[SUPPLIED DATA]:
☆ ☆ ☆ ☆

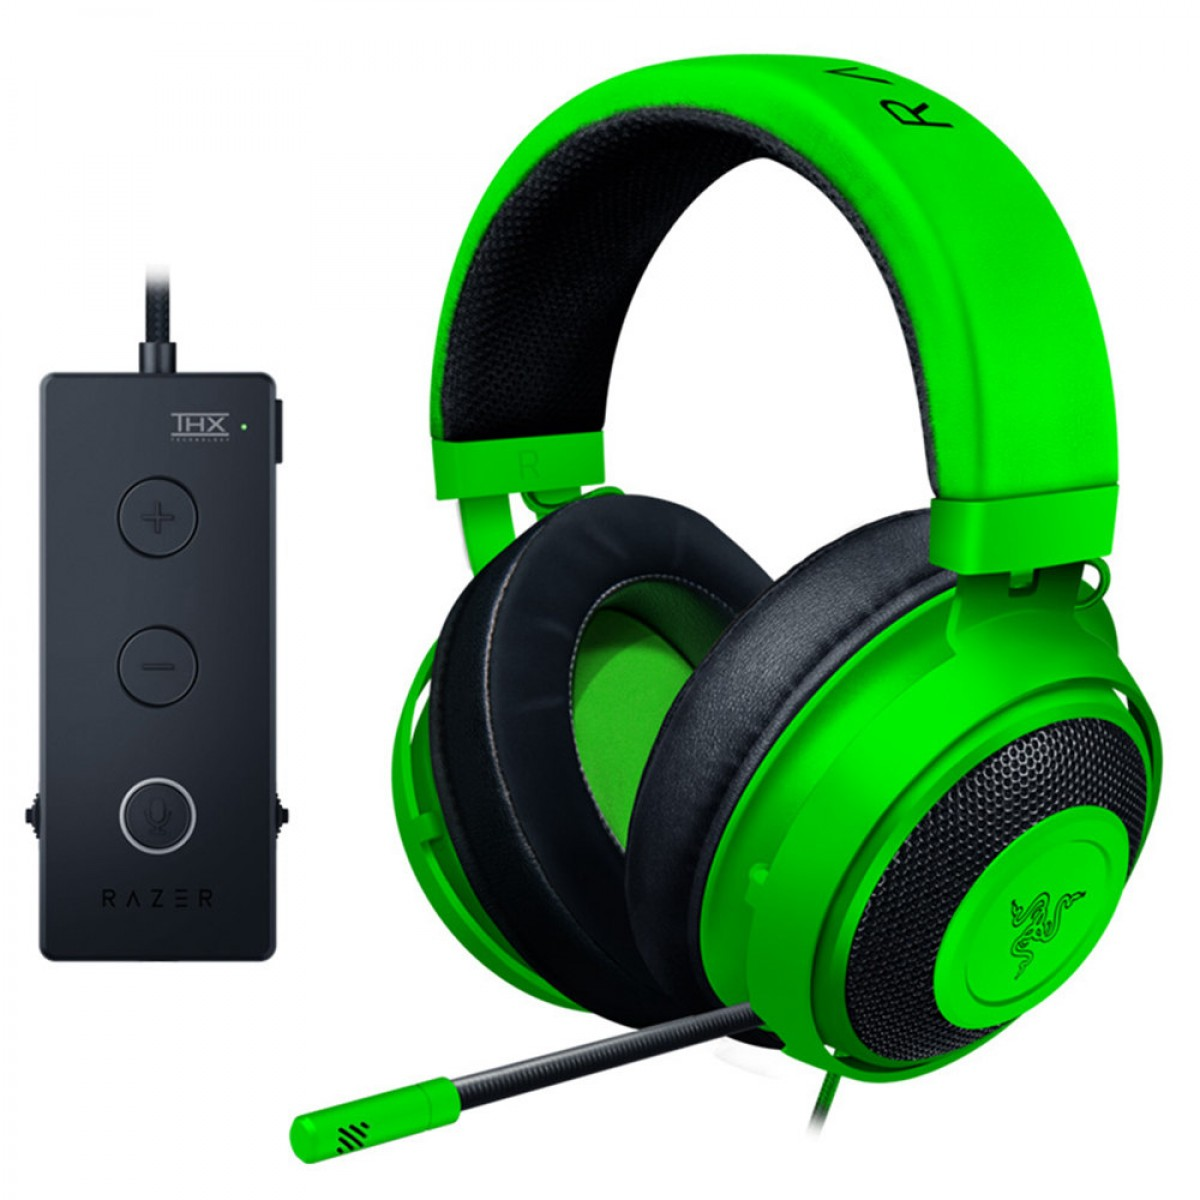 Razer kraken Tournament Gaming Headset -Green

☆ ☆ ☆ ☆

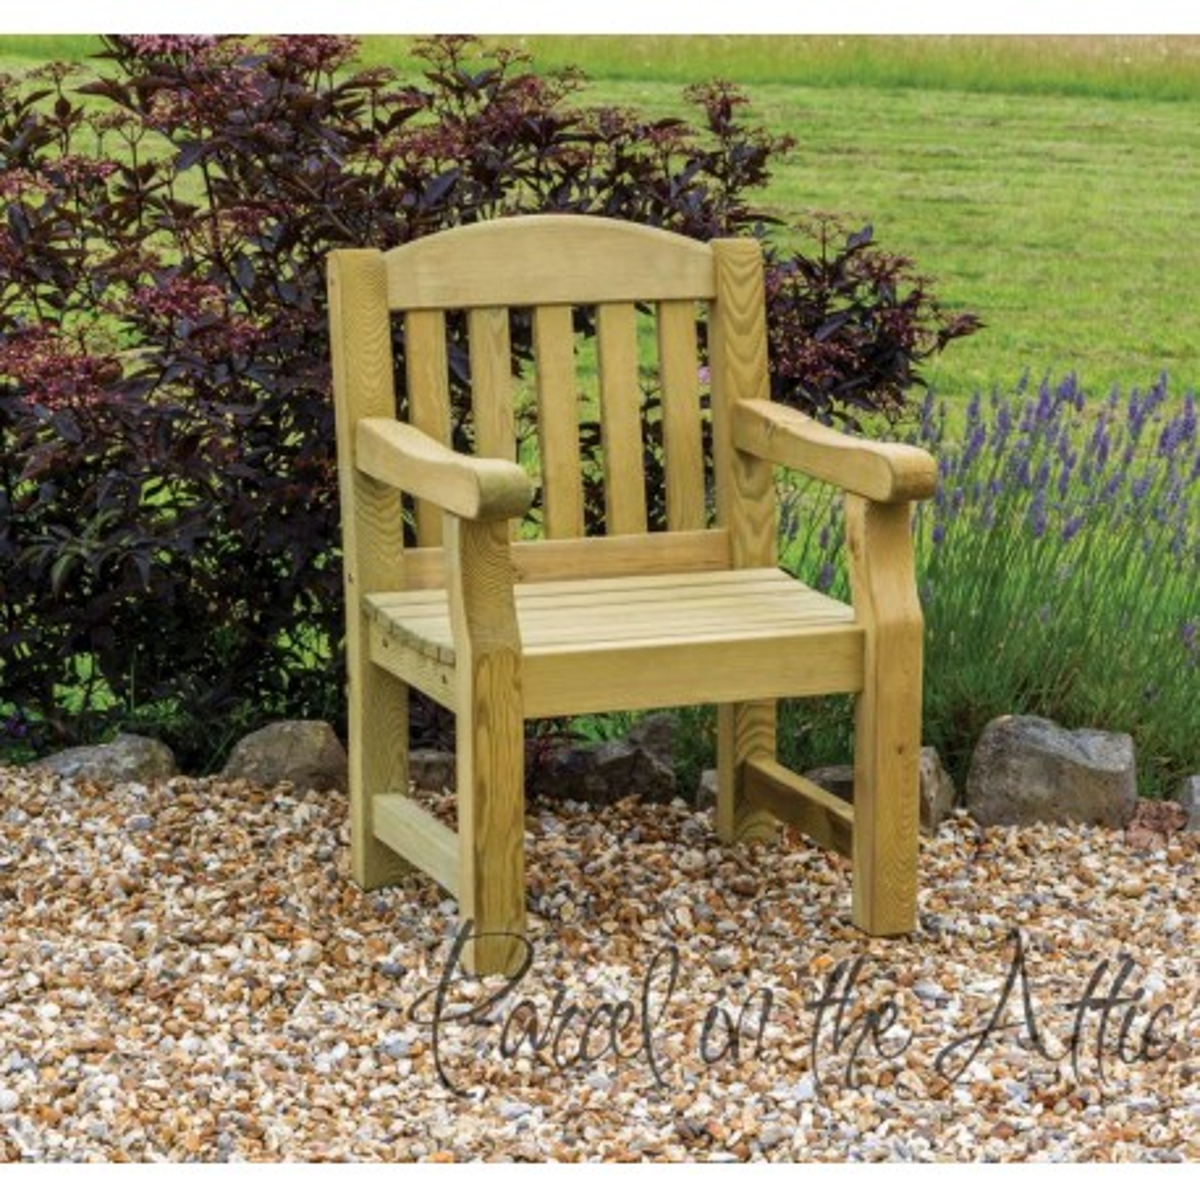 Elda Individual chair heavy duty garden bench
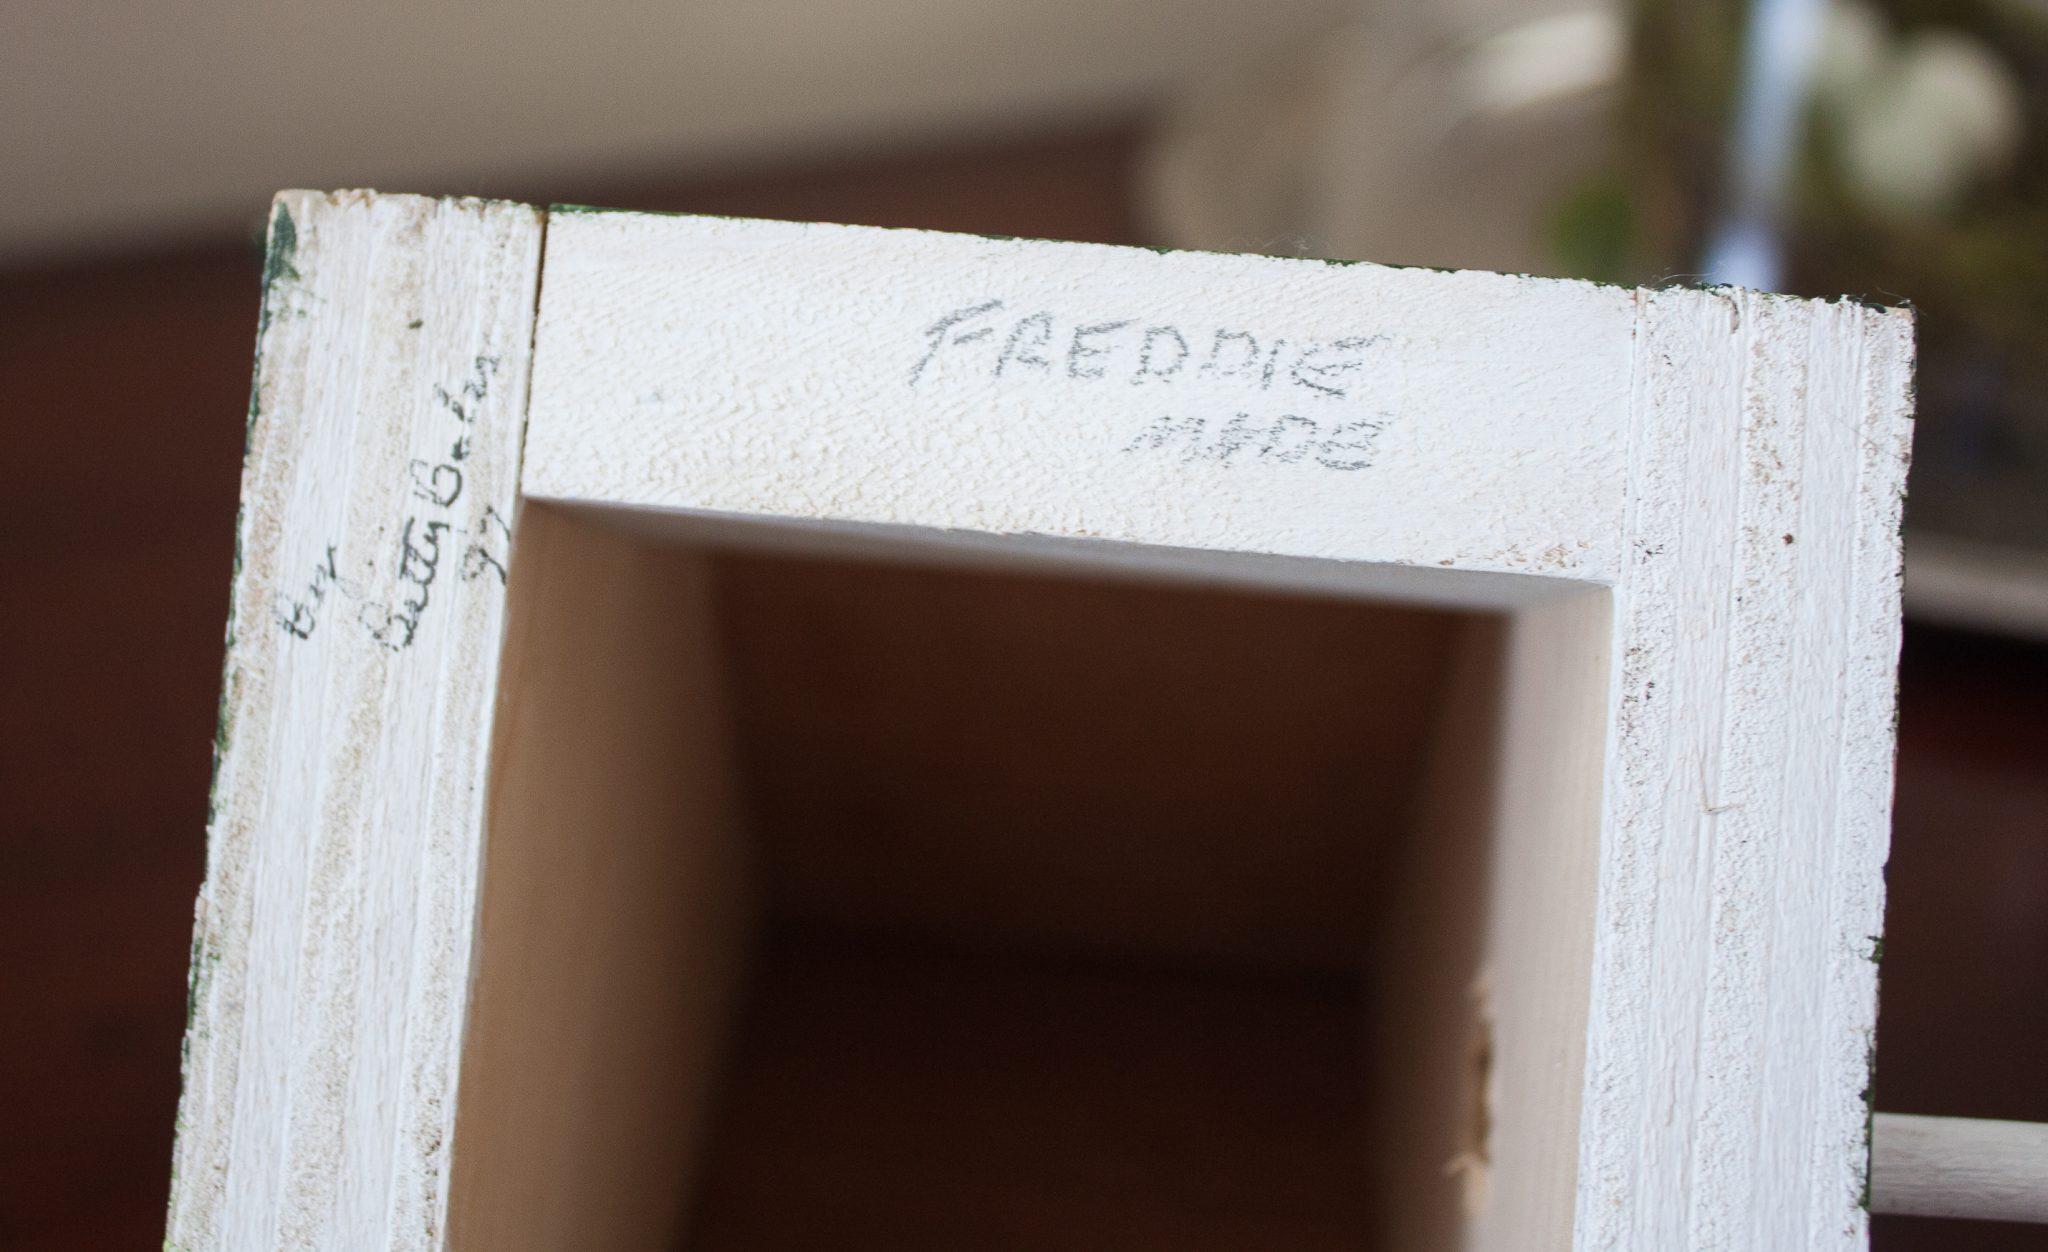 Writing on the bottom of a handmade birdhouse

☆ ☆ ☆ ☆

Only the lines between the one with "Elda Individual chair" and the one with "Writing on the", those two included, get copied from the material above. Keep it exact and free of pictures.

[SOLUTION FOR THIS TASK]:
 Elda Individual chair heavy duty garden bench
 Writing on the bottom of a handmade birdhouse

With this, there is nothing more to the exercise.